The research team found that a higher intake of fermented soy (natto and miso) was associated with a significantly lower (10%) risk of all-cause mortality, but total soy product intake was not associated with all-cause mortality.

Men and women who ate natto also had a lower risk of cardiovascular mortality than those who did not eat natto, but there was no association between soy intake and cancer-related mortality.

These results persisted even after further adjusting for intake of vegetables, which was higher among those consuming larger portions of natto.

The authors point out that fermented soy products are richer in fibre, potassium and bioactive components than their non-fermented counterparts, which may help to explain their associations.
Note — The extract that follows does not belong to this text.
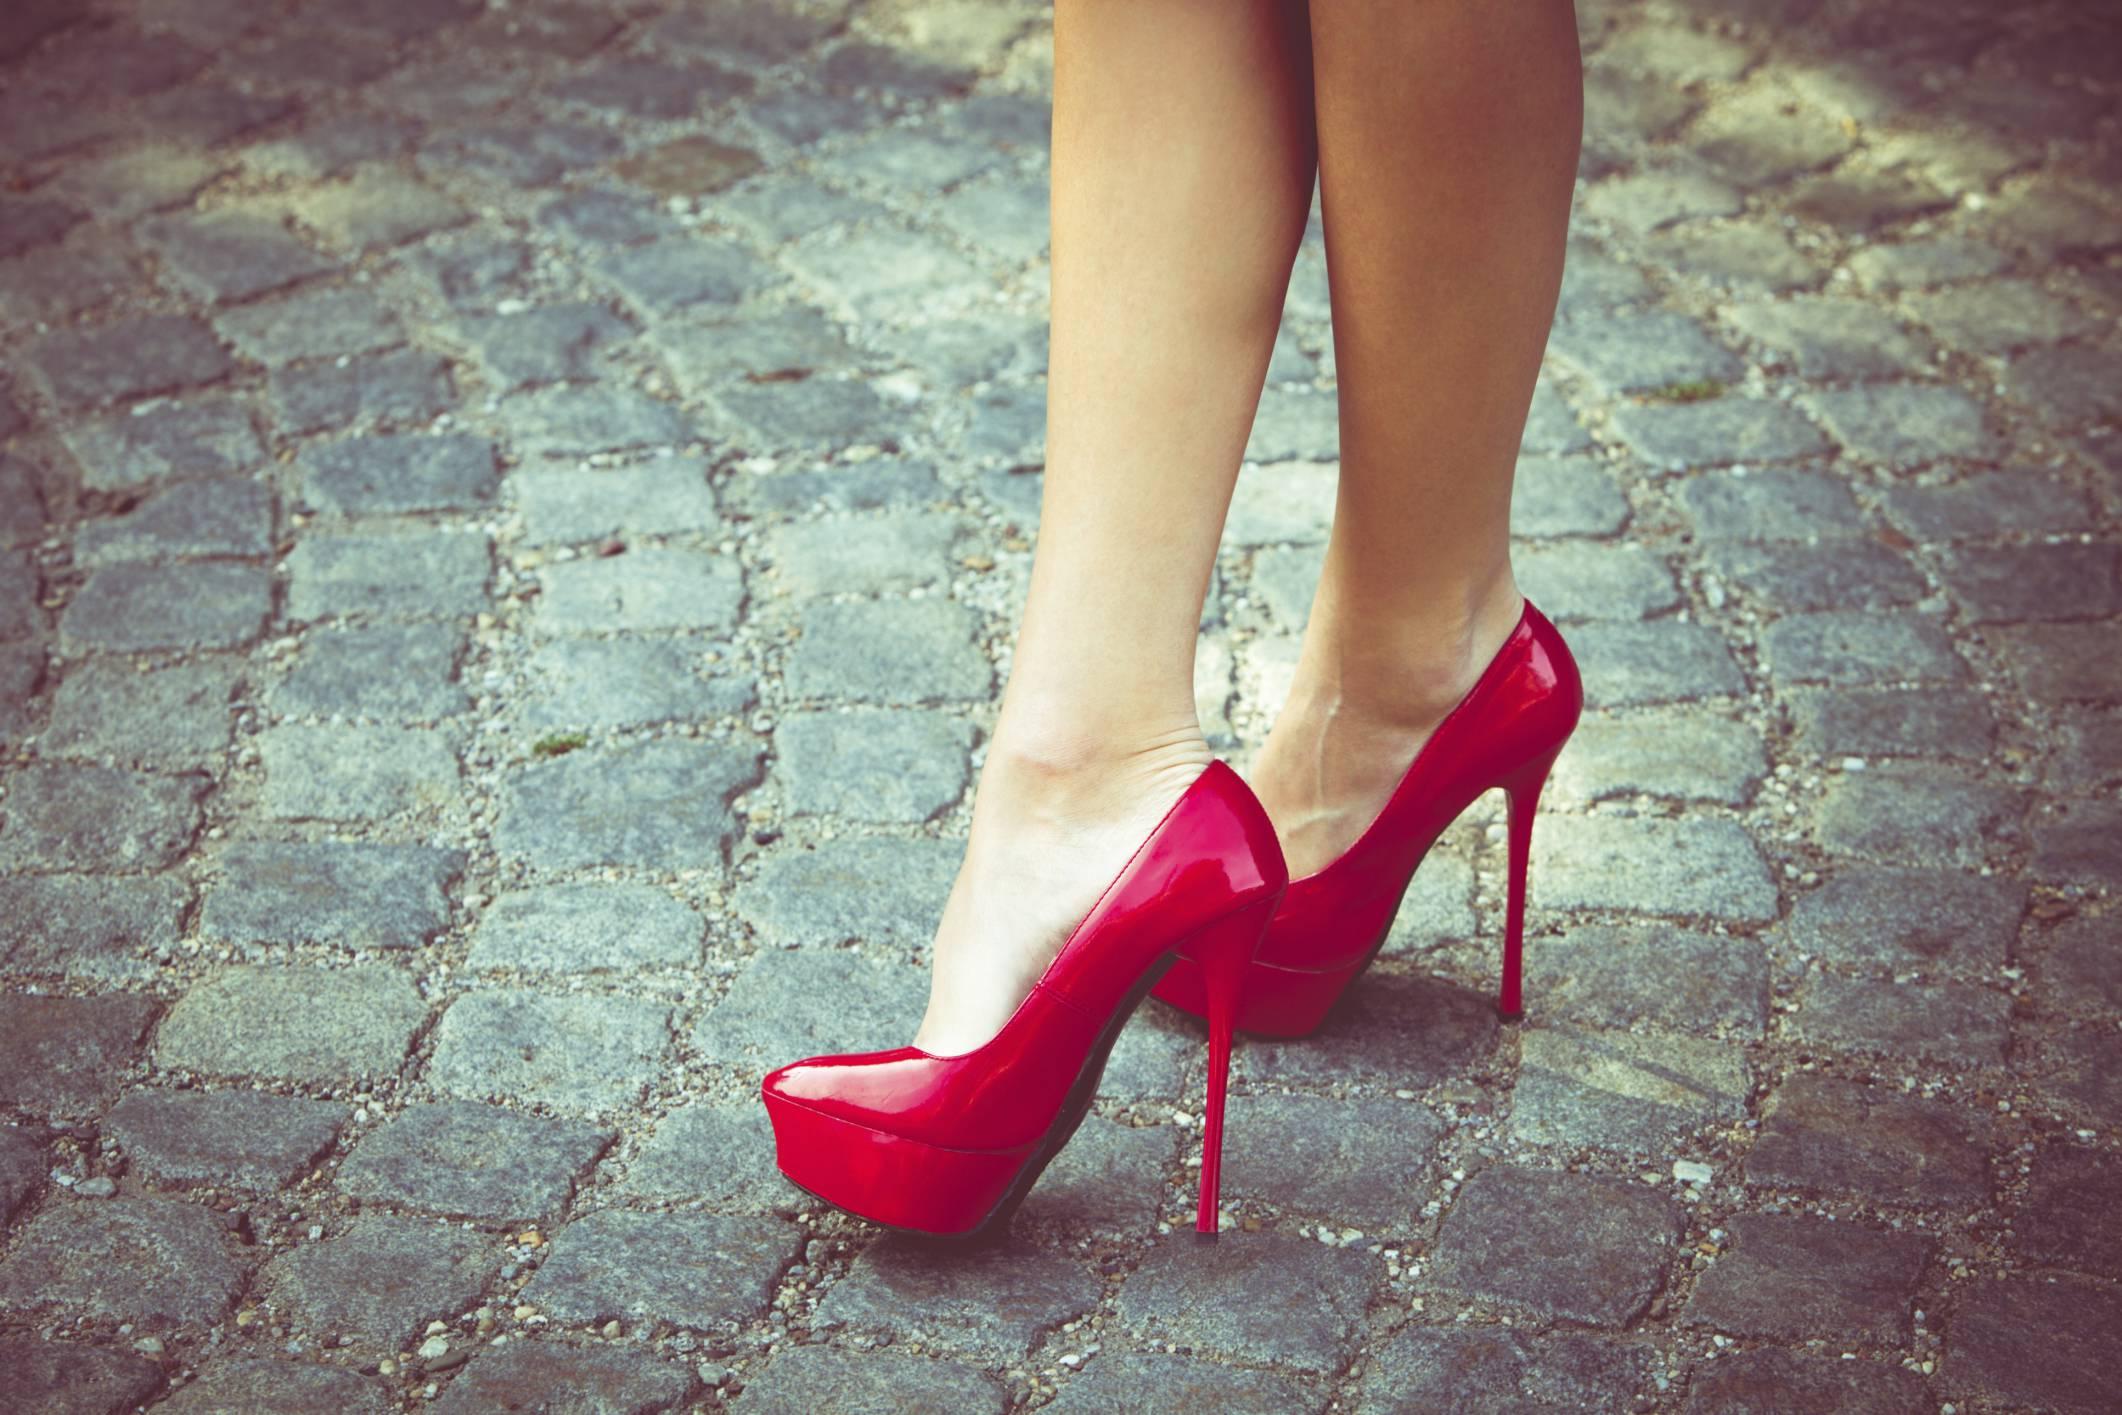 I tacchi alti rendono le donne più attraenti lo dice la scienza

However, this is an observational study, so can’t establish cause, and the researchers cannot rule out the possibility that some of the observed risk may be due to other unmeasured factors.

They conclude: "In this large prospective study conducted in Japan with a high rate of soy consumption, no significant association was found between intake of total soy products and all-cause mortality. In contrast, a higher intake of fermented soy products (natto and miso) was associated with a lower risk of mortality."

Increasing evidence has suggested that fermented soy products are associated with health benefits, write researchers in a linked editorial. Whether people eat those products depends on their food culture, they say, but some countries already include soy and fermented soy products in their dietary guidelines.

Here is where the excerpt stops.